Work to complete: Among the entries, how many lines hold the word "shirt"? Respond with that number only.

[Stored dataset items]
↓
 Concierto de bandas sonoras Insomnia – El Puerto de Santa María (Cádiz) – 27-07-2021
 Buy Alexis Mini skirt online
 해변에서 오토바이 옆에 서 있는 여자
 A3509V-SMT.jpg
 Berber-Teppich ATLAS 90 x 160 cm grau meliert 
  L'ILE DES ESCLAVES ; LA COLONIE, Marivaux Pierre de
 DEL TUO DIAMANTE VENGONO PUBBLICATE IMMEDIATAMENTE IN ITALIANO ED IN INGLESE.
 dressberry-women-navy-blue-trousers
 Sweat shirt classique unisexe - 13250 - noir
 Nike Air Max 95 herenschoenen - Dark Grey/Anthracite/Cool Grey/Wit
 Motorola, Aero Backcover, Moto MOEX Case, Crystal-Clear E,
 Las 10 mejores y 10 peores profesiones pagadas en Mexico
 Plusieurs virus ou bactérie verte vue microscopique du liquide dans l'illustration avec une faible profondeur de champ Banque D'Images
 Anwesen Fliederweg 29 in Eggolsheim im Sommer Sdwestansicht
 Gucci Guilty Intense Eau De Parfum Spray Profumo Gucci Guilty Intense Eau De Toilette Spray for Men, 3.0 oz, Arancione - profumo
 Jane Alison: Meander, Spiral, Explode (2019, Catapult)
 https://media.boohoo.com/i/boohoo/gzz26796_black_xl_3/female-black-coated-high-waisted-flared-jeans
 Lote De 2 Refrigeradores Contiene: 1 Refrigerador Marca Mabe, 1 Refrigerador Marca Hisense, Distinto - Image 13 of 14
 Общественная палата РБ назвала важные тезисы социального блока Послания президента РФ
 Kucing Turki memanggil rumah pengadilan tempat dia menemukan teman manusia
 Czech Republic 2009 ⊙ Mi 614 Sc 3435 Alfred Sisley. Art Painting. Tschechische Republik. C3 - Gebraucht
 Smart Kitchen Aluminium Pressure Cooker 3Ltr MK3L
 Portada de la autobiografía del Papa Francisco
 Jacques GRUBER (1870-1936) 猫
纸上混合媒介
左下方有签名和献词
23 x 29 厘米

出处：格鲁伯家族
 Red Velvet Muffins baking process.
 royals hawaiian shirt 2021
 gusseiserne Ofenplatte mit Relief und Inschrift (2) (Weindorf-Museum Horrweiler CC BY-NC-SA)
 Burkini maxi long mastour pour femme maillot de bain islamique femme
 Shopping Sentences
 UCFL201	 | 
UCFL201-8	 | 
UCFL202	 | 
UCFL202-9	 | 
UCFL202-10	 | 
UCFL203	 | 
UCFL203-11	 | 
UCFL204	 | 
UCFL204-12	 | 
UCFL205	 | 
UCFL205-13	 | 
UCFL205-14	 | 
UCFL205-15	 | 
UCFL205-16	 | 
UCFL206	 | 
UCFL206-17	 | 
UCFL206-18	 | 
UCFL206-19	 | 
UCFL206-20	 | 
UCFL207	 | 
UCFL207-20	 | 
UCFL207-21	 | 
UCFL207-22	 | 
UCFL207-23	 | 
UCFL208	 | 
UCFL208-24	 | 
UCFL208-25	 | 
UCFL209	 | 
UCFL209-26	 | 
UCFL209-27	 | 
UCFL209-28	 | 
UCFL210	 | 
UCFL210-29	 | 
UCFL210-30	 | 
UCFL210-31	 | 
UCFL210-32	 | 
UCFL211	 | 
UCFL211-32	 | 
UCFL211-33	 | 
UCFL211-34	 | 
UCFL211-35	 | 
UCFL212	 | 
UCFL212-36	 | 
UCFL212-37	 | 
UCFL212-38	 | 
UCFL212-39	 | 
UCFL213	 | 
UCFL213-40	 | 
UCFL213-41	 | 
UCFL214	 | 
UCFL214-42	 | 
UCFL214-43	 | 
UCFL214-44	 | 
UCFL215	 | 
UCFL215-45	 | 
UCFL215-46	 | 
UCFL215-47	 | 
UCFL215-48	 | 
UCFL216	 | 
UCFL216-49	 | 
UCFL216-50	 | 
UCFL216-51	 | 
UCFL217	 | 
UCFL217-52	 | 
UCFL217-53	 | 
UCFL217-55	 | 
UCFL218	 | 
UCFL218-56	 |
↑
Output for this task: 2